[WHAT YOU HAVE TO DO]: Below is a listing; restate from it, character for character, the lines beginning at the line holding "Mapping Study: Ombuds" and ending at the line holding "Walt Whitman - A", both included.

[RECORDS SHOWN]:
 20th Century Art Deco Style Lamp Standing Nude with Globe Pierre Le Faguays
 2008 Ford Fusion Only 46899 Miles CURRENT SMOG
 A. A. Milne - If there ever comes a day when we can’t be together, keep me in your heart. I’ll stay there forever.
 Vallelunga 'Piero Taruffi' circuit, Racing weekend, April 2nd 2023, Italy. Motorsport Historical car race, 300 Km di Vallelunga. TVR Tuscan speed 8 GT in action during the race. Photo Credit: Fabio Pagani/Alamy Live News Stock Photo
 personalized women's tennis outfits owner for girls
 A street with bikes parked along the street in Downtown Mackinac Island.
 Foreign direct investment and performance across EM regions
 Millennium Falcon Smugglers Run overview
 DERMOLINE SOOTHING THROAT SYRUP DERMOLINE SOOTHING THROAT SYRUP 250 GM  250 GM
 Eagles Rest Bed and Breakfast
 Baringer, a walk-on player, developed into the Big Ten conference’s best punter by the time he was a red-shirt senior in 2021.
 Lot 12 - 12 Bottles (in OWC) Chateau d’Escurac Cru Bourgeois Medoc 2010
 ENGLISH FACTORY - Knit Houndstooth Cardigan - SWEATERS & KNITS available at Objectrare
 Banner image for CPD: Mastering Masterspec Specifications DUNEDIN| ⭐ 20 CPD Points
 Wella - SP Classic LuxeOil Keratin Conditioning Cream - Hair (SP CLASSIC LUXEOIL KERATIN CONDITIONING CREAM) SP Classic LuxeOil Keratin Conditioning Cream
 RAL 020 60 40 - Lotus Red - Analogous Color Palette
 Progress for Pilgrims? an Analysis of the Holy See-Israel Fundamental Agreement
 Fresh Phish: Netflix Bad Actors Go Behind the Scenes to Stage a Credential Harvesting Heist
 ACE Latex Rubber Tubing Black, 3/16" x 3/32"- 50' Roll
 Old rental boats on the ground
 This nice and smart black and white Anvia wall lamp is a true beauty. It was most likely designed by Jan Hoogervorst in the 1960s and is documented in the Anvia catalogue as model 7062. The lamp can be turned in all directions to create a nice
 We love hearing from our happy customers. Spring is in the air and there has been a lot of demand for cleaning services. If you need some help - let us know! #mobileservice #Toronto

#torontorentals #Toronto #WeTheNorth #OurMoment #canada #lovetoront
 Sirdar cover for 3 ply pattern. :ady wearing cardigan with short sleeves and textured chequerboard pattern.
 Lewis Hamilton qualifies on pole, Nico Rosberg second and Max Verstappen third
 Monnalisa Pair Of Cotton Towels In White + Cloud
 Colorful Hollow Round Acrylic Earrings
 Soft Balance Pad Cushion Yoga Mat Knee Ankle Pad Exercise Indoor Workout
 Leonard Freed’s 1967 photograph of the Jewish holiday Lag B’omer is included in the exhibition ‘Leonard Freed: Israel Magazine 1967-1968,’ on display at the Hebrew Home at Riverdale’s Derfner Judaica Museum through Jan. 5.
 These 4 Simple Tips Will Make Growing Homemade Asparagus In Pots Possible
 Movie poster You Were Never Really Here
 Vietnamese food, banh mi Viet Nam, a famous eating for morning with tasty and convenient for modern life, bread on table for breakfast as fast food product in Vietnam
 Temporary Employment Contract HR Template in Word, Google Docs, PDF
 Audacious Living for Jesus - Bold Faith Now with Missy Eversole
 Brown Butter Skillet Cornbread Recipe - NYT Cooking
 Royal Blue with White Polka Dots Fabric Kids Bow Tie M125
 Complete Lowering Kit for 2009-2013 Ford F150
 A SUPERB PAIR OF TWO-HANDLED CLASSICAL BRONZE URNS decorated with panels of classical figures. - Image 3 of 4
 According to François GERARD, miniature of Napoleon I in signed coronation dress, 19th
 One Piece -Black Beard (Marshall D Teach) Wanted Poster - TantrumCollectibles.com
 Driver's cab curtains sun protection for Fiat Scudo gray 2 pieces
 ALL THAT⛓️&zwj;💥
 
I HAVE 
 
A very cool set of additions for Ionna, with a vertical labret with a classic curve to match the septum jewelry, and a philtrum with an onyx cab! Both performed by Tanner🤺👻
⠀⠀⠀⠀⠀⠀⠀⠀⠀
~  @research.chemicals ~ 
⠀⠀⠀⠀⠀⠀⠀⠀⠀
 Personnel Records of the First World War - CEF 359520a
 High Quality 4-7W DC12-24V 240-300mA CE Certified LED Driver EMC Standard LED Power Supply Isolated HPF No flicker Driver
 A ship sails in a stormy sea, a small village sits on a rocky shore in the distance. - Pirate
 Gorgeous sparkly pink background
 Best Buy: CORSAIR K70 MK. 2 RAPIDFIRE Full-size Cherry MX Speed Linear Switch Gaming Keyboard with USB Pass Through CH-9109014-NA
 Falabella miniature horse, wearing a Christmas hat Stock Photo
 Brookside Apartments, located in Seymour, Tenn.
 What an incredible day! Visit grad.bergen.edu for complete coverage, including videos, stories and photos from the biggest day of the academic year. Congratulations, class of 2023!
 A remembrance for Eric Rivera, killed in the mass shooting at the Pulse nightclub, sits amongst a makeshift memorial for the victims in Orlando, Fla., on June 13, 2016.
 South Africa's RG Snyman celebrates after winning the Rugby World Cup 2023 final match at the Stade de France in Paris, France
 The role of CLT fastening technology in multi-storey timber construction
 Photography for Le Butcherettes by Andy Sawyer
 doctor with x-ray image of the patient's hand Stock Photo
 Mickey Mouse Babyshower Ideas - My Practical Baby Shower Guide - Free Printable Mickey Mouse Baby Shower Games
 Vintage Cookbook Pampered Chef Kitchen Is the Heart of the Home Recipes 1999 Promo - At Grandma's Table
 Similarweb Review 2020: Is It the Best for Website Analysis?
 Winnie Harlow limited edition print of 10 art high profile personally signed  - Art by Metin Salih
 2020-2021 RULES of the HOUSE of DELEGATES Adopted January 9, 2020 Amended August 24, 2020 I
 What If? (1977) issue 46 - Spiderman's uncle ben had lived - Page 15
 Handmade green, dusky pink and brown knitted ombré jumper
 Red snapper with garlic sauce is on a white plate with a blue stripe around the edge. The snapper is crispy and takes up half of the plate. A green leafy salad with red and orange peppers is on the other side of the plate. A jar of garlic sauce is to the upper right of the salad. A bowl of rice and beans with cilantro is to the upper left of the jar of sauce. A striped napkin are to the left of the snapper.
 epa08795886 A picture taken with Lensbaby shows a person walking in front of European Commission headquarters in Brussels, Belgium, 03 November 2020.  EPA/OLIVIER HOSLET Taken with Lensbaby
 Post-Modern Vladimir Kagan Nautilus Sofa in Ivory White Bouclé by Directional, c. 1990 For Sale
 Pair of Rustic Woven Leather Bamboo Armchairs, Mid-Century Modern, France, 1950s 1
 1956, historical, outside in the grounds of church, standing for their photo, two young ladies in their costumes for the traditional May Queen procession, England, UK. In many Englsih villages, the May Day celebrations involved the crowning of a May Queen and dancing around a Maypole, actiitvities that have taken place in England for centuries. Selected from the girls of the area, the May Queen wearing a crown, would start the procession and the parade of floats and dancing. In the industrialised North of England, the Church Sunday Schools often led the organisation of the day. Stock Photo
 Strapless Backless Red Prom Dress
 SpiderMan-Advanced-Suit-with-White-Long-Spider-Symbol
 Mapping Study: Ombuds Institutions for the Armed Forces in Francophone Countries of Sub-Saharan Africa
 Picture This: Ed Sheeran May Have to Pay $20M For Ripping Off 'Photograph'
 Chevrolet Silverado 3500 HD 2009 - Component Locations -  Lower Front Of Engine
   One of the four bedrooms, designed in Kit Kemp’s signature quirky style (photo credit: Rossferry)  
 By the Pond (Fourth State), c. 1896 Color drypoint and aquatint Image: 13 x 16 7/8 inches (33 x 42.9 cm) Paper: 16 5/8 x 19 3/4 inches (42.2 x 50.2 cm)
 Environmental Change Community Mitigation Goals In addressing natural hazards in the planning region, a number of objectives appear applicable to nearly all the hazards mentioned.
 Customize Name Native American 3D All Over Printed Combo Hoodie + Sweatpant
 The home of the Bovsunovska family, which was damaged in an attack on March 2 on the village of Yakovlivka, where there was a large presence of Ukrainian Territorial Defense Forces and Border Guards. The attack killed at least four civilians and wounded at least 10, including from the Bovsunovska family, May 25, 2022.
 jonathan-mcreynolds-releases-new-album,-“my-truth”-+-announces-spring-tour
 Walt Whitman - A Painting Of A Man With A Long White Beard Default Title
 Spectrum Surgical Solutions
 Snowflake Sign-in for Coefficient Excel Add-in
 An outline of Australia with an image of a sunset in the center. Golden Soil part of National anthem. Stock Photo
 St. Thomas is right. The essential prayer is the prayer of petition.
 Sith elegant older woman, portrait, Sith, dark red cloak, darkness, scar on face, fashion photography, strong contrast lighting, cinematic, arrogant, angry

[EXERCISE SOLUTION]:
 Mapping Study: Ombuds Institutions for the Armed Forces in Francophone Countries of Sub-Saharan Africa
 Picture This: Ed Sheeran May Have to Pay $20M For Ripping Off 'Photograph'
 Chevrolet Silverado 3500 HD 2009 - Component Locations -  Lower Front Of Engine
   One of the four bedrooms, designed in Kit Kemp’s signature quirky style (photo credit: Rossferry)  
 By the Pond (Fourth State), c. 1896 Color drypoint and aquatint Image: 13 x 16 7/8 inches (33 x 42.9 cm) Paper: 16 5/8 x 19 3/4 inches (42.2 x 50.2 cm)
 Environmental Change Community Mitigation Goals In addressing natural hazards in the planning region, a number of objectives appear applicable to nearly all the hazards mentioned.
 Customize Name Native American 3D All Over Printed Combo Hoodie + Sweatpant
 The home of the Bovsunovska family, which was damaged in an attack on March 2 on the village of Yakovlivka, where there was a large presence of Ukrainian Territorial Defense Forces and Border Guards. The attack killed at least four civilians and wounded at least 10, including from the Bovsunovska family, May 25, 2022.
 jonathan-mcreynolds-releases-new-album,-“my-truth”-+-announces-spring-tour
 Walt Whitman - A Painting Of A Man With A Long White Beard Default Title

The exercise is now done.